>>>>>

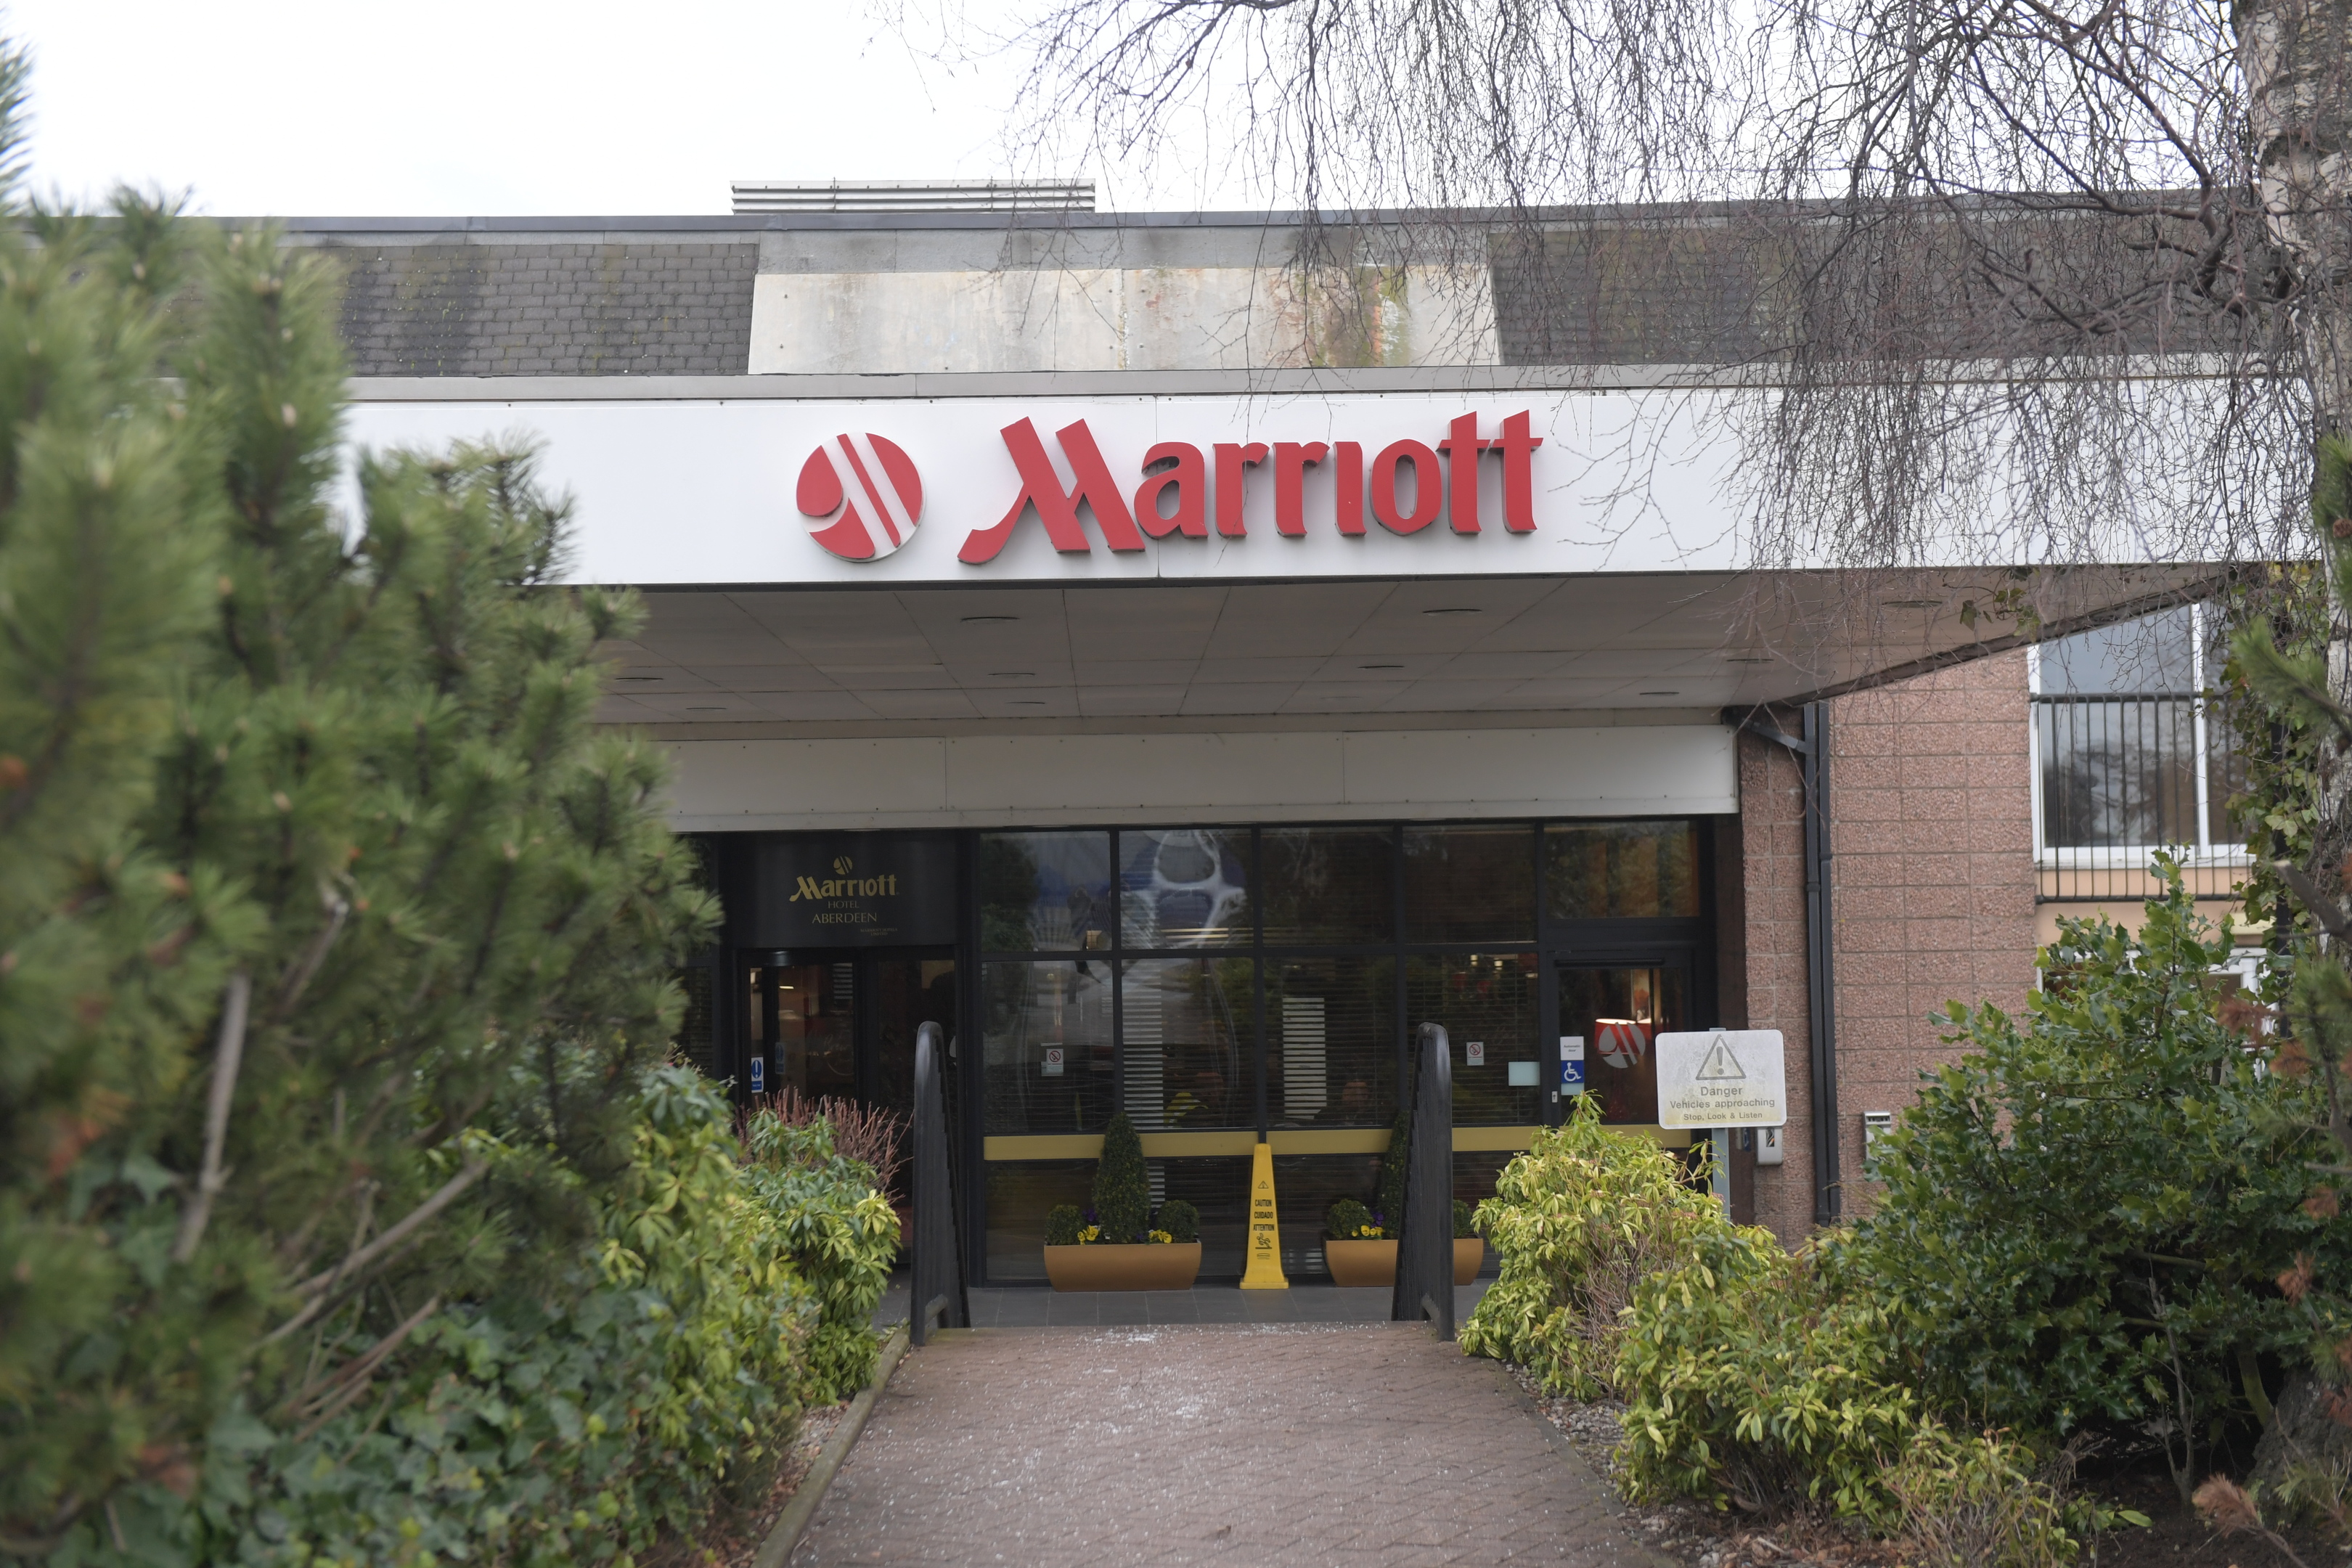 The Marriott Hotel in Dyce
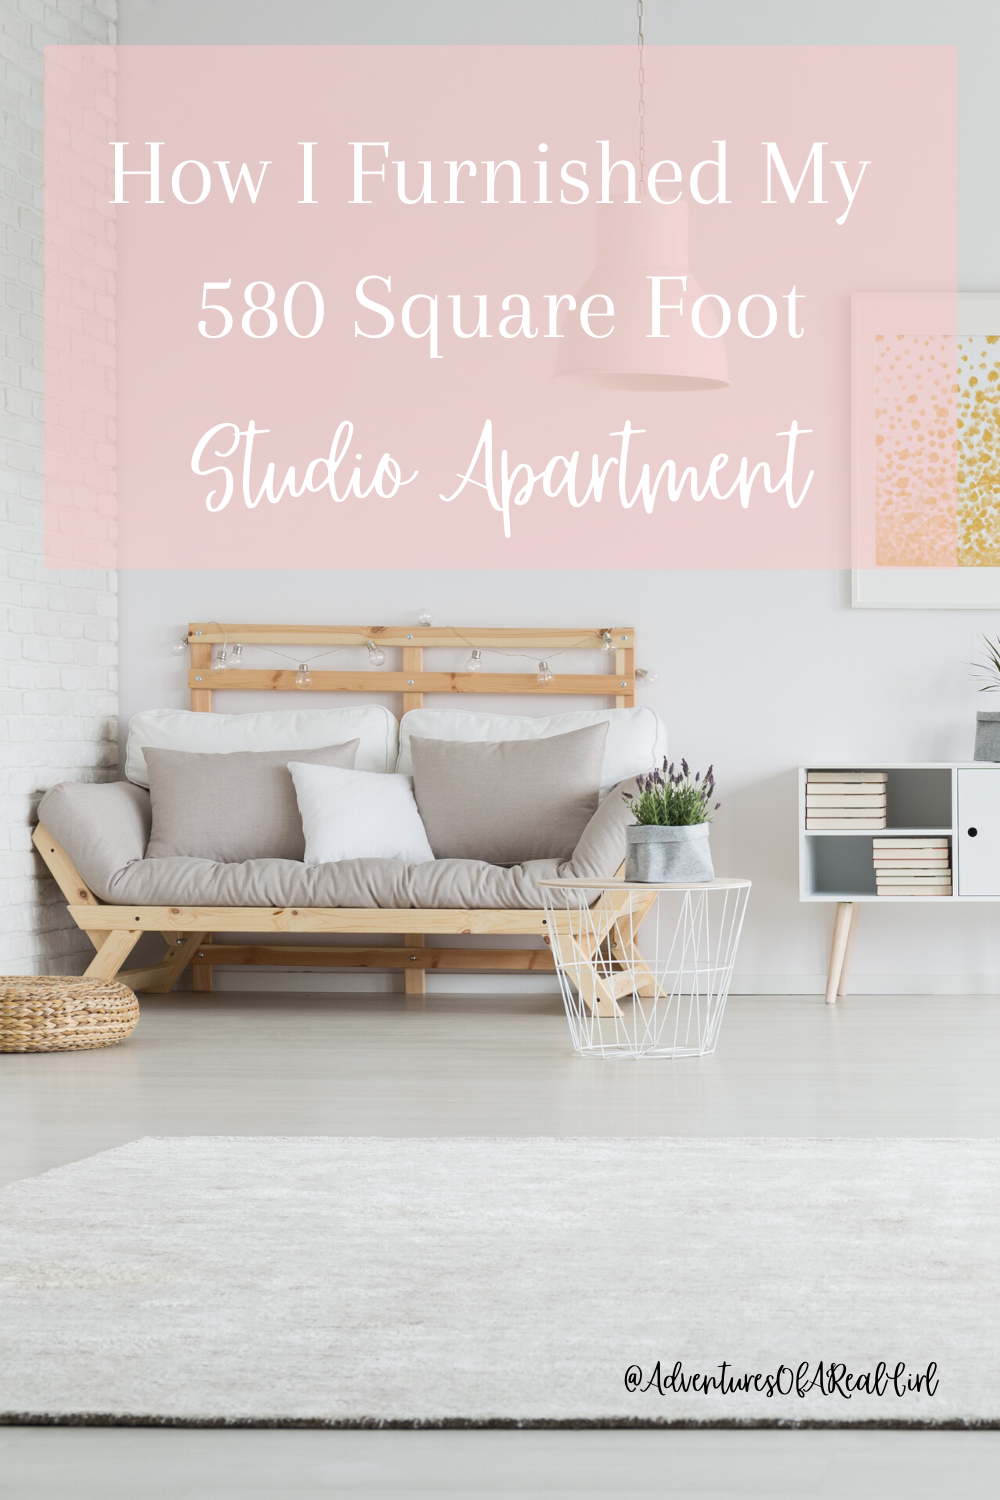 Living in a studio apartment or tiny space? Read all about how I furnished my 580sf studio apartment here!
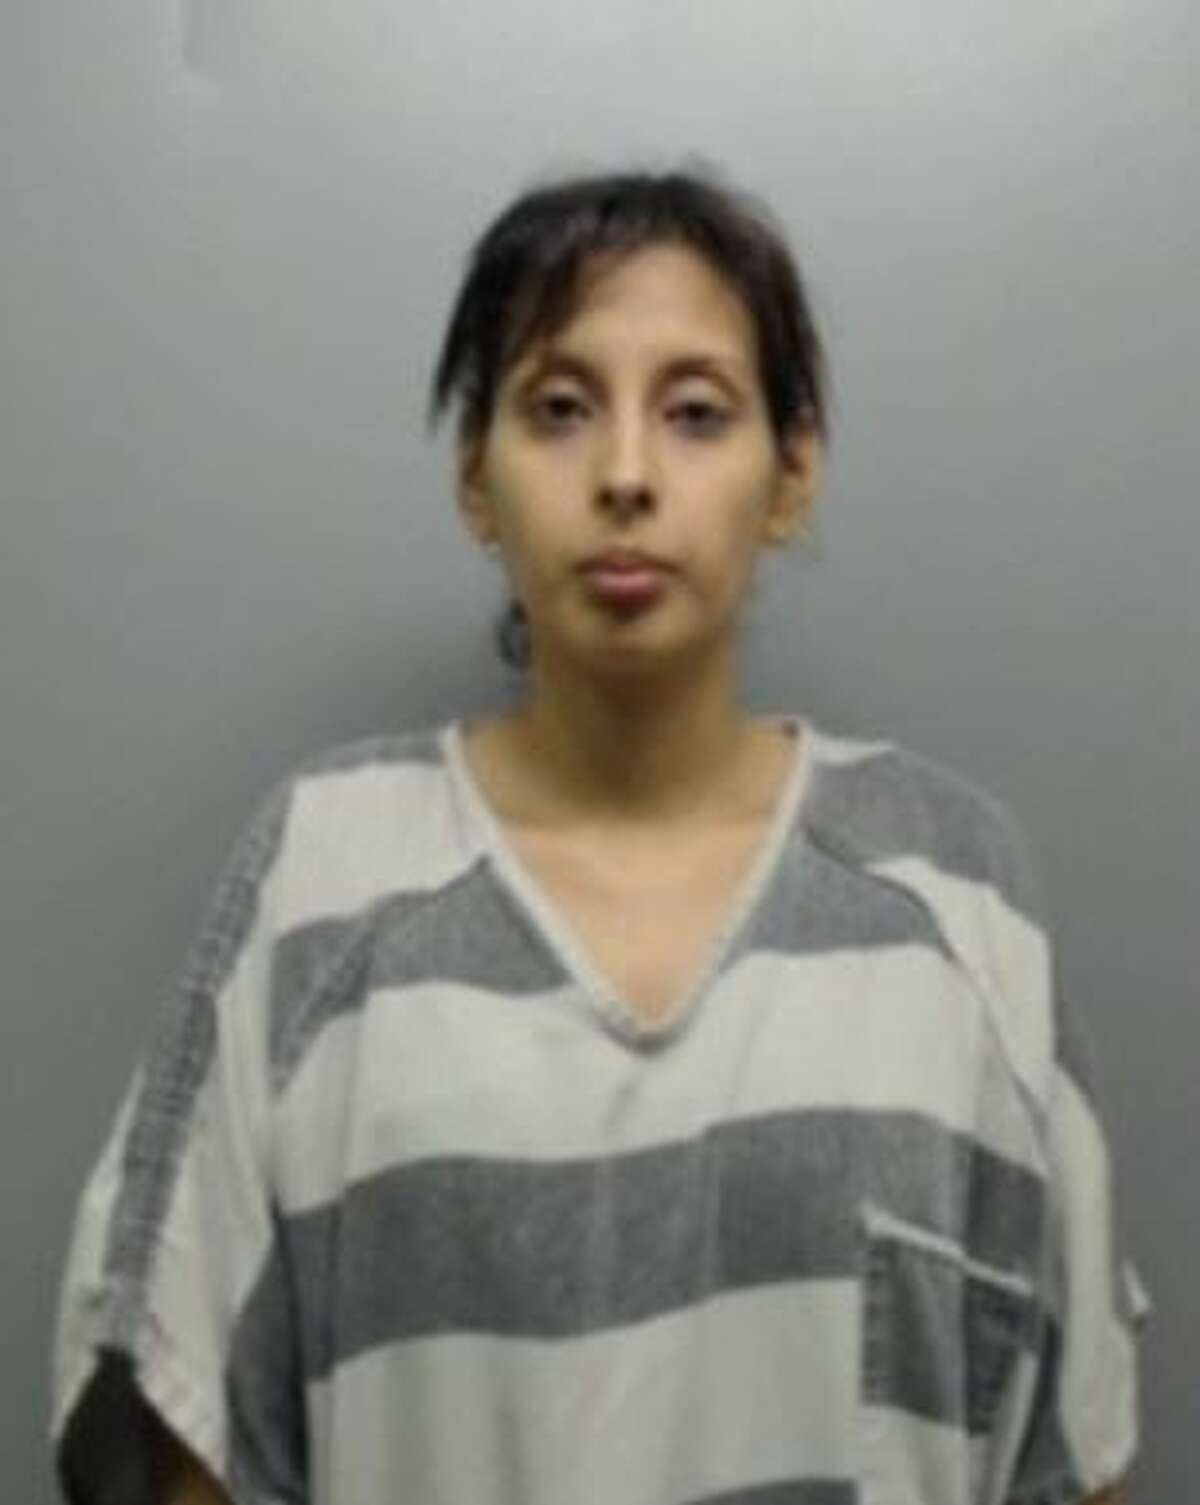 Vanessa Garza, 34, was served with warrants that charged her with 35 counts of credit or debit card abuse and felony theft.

<<<<<

## Task to complete
With the pictures left out, return the listing above exactly as it stands.

## Solution to this exercise
 The Marriott Hotel in Dyce
 Living in a studio apartment or tiny space? Read all about how I furnished my 580sf studio apartment here!
 Vanessa Garza, 34, was served with warrants that charged her with 35 counts of credit or debit card abuse and felony theft.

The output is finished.